DATA SHOWN START
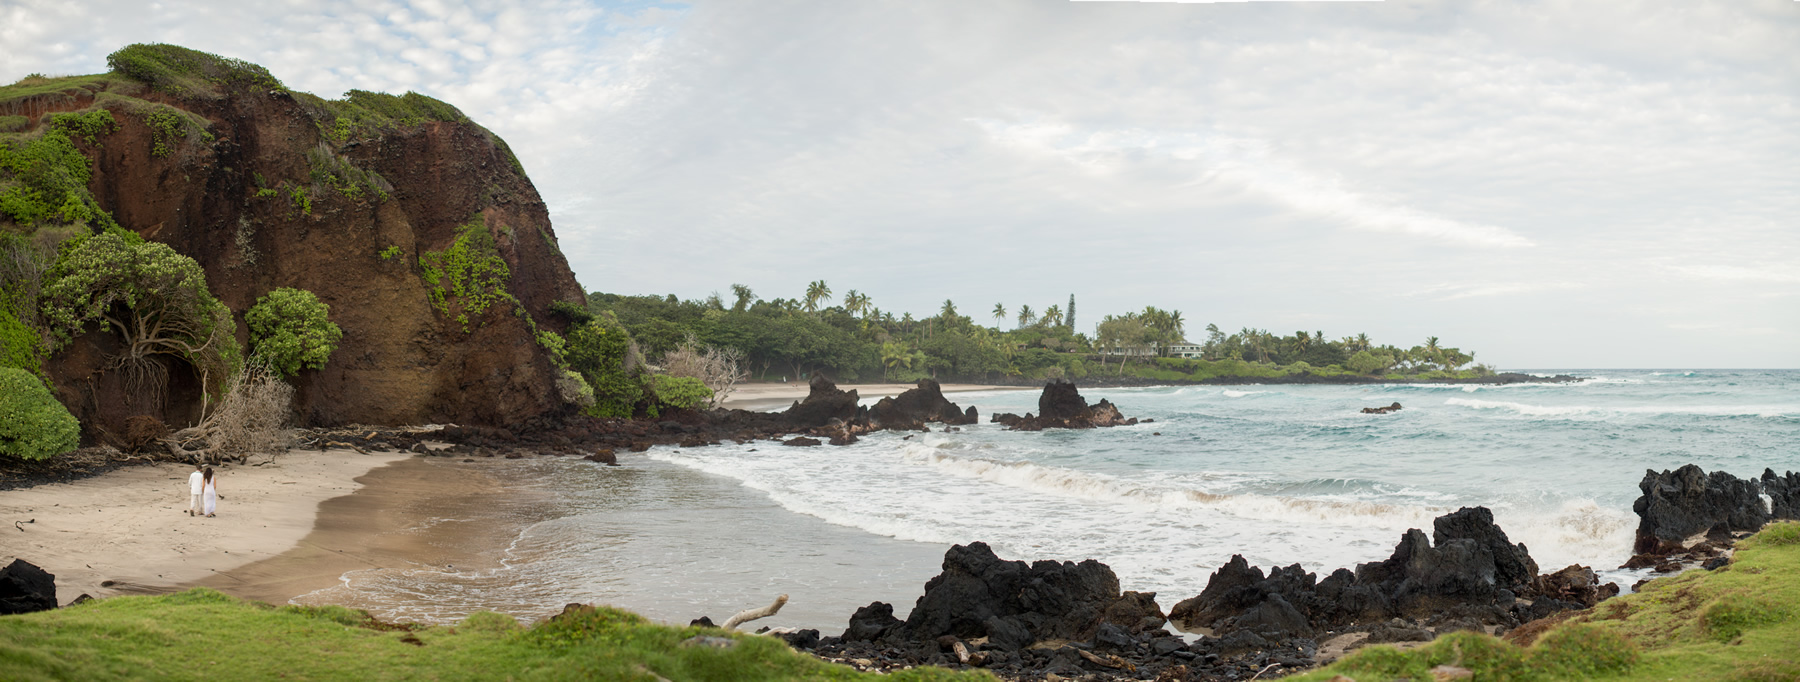 A couple walks along a deserted beach in Hana Maui after their wedding ceremony.
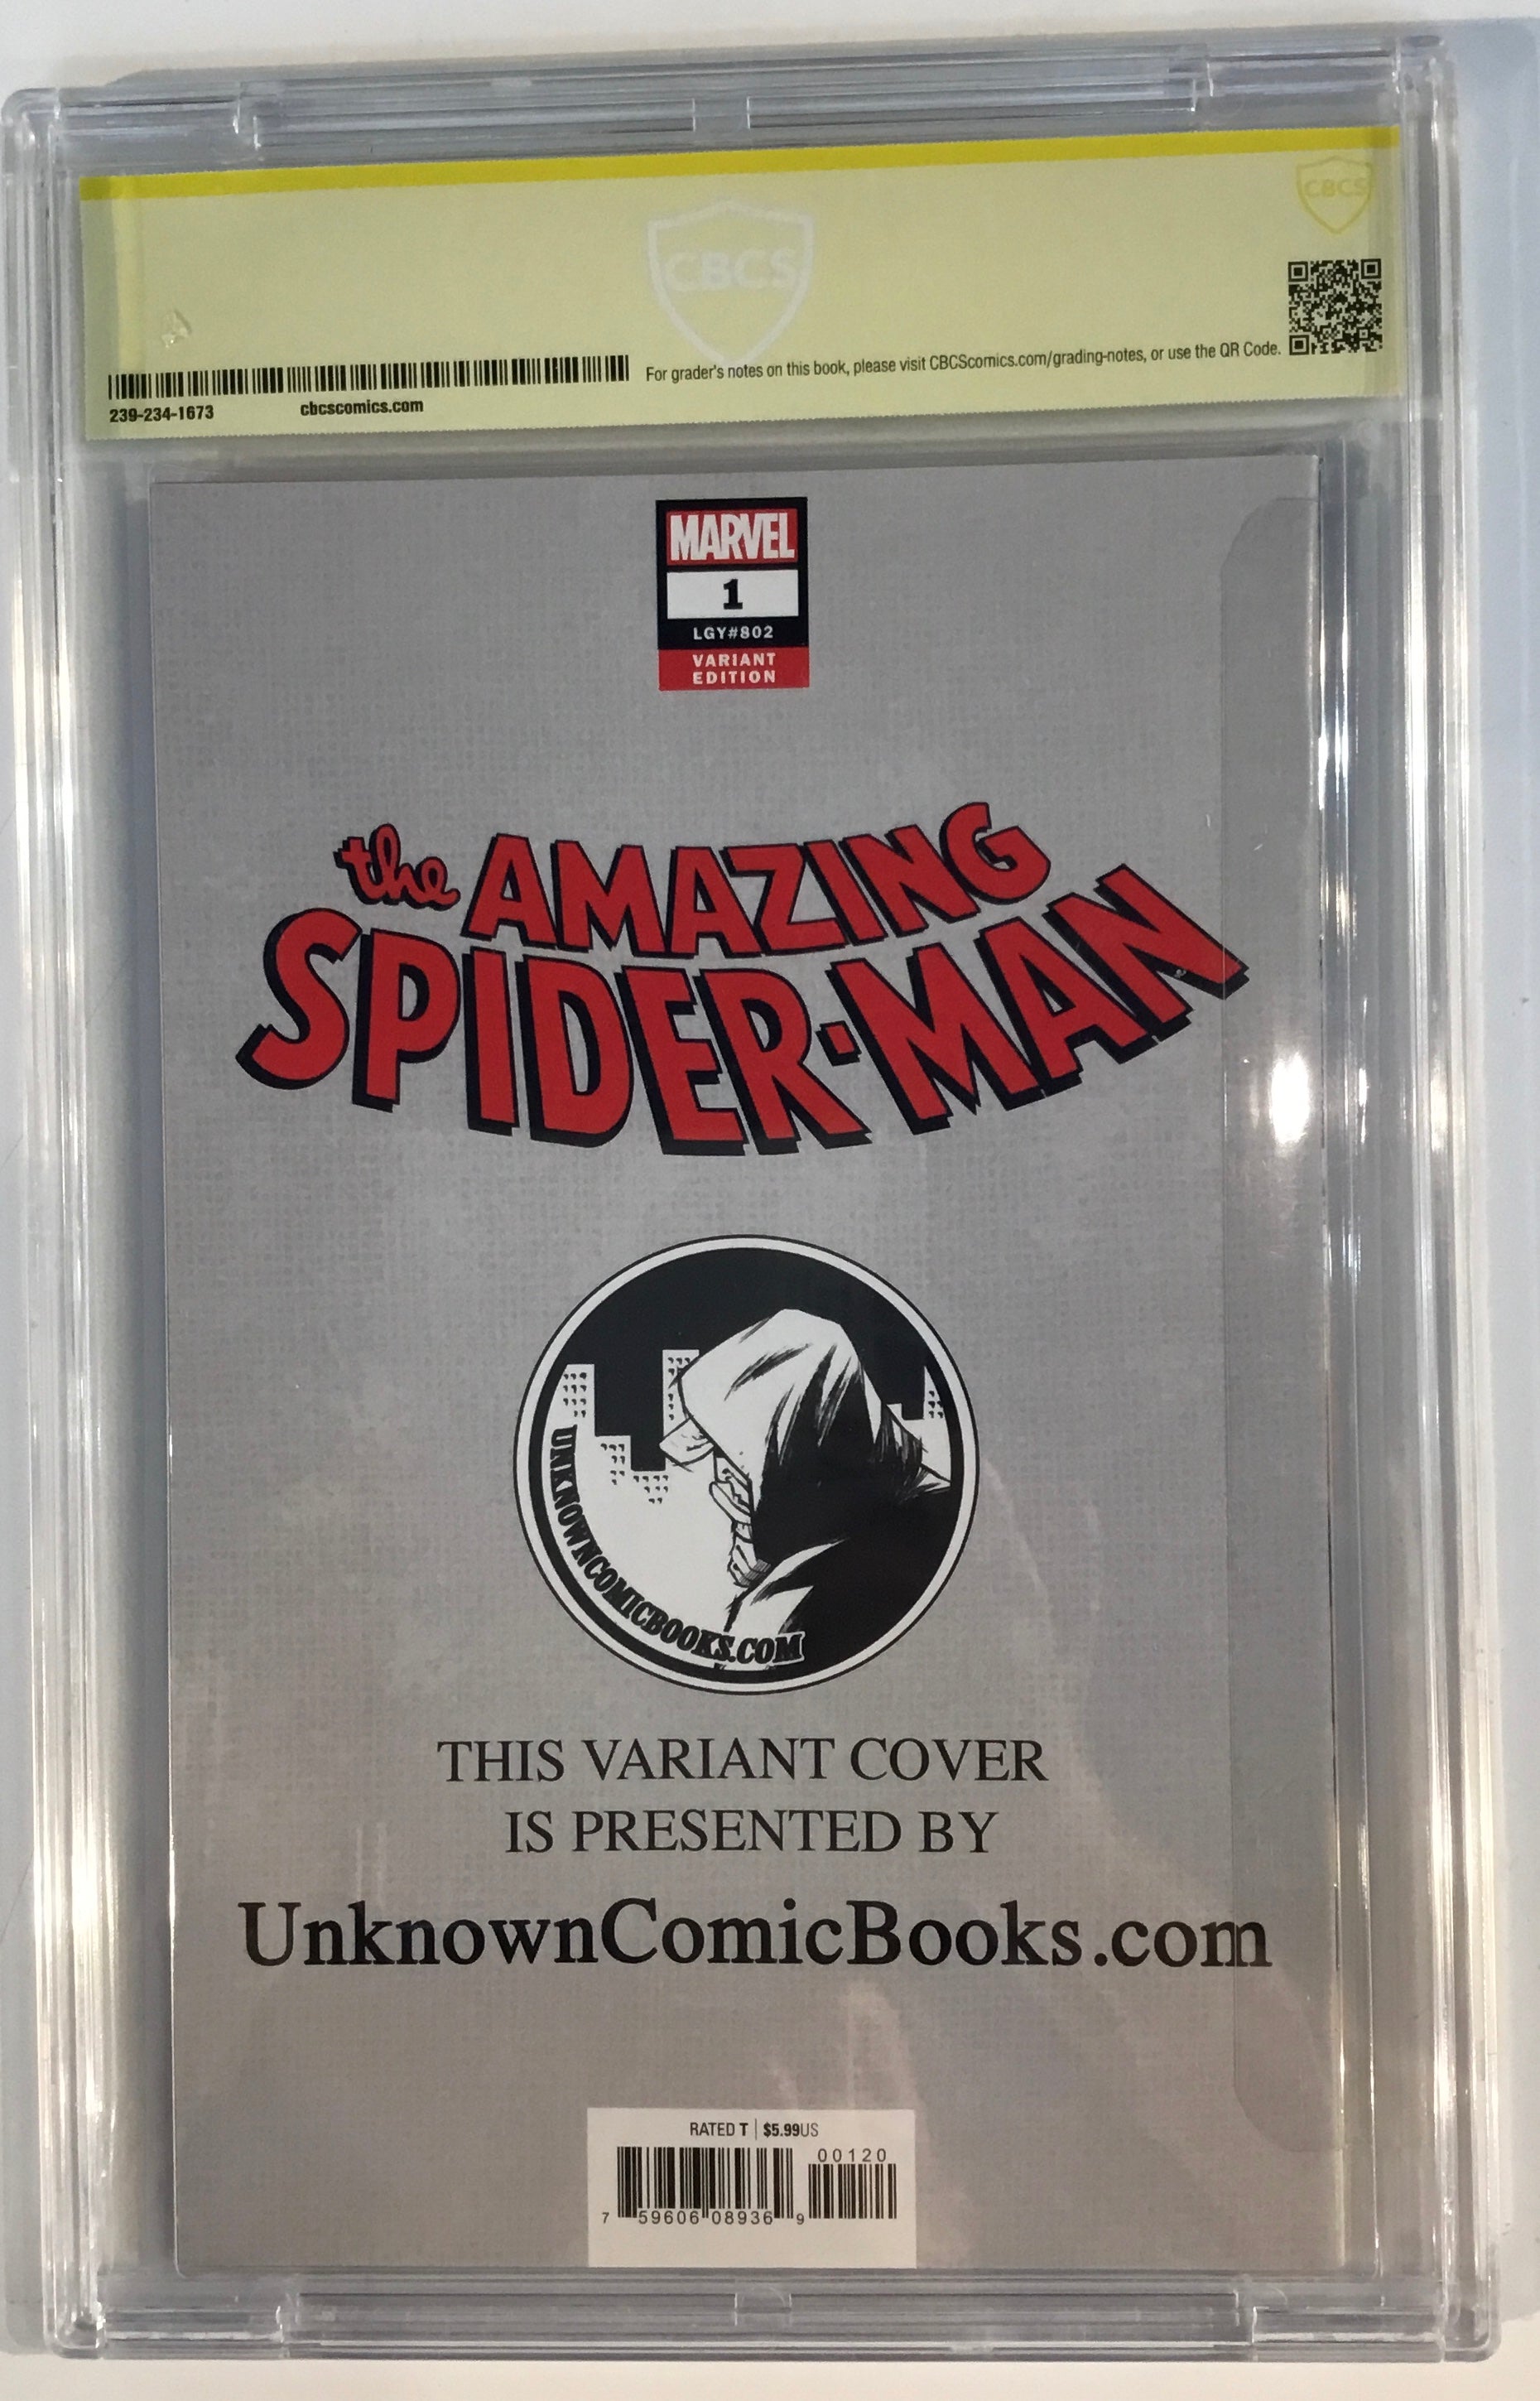 Amazing Spider-Man #1 (2018) - Marvel 2018 - CBCS 9.8 - Autographed Phillip Tan cover
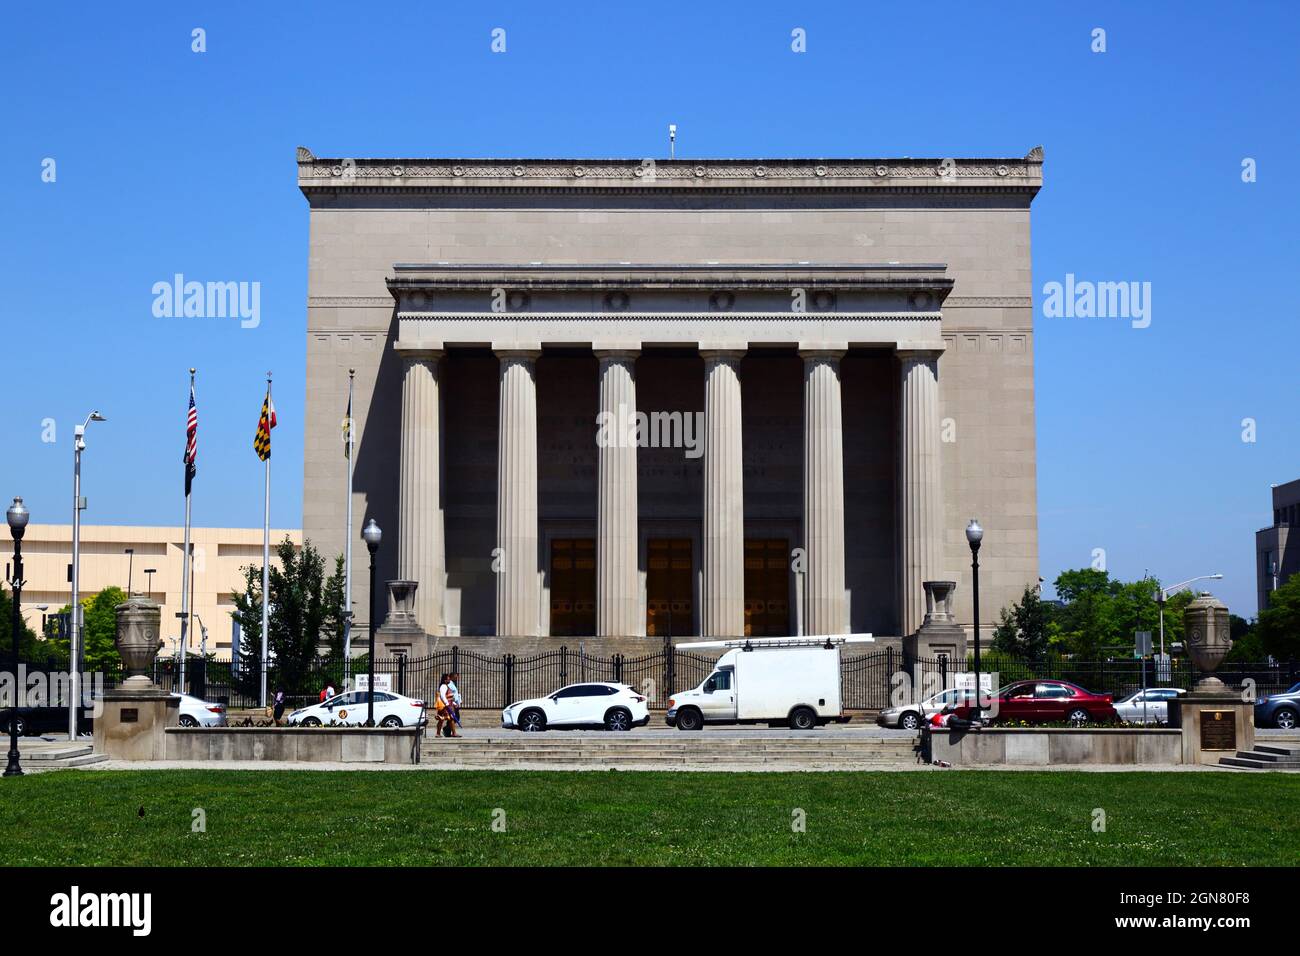 Baltimore War Memorial (101 North gay Street) et War Memorial Plaza, Baltimore, Maryland, États-Unis Banque D'Images
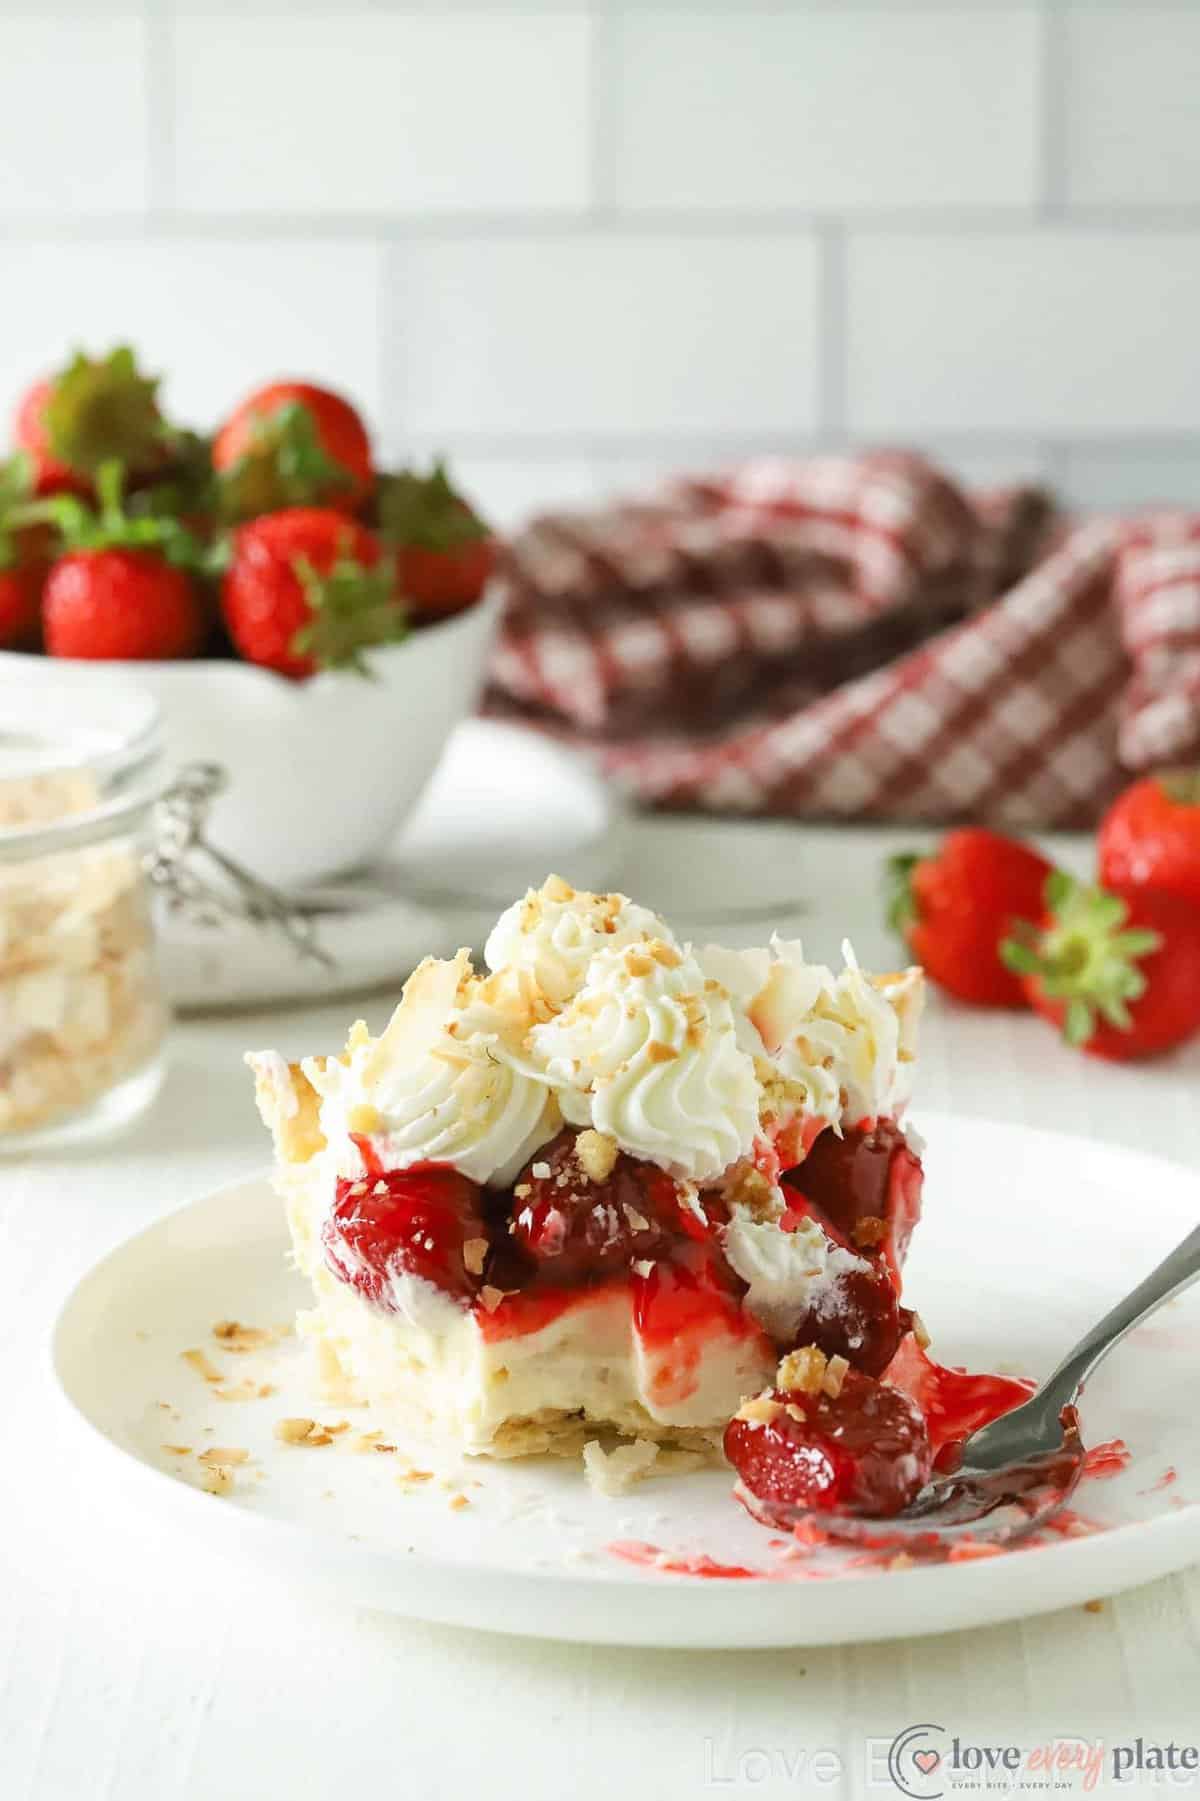  Sweet, juicy strawberries nestled in a flaky crust
DATA SHOWN END
> WHAT TO PRODUCE
What is needed is an exact transcription of the lines from the one holding "Baltimore War Memorial" to the end of the data, with every picture left out.

> WRITTEN RESPONSE
 Baltimore War Memorial (101 North gay Street) et War Memorial Plaza, Baltimore, Maryland, États-Unis Banque D'Images
  Sweet, juicy strawberries nestled in a flaky crust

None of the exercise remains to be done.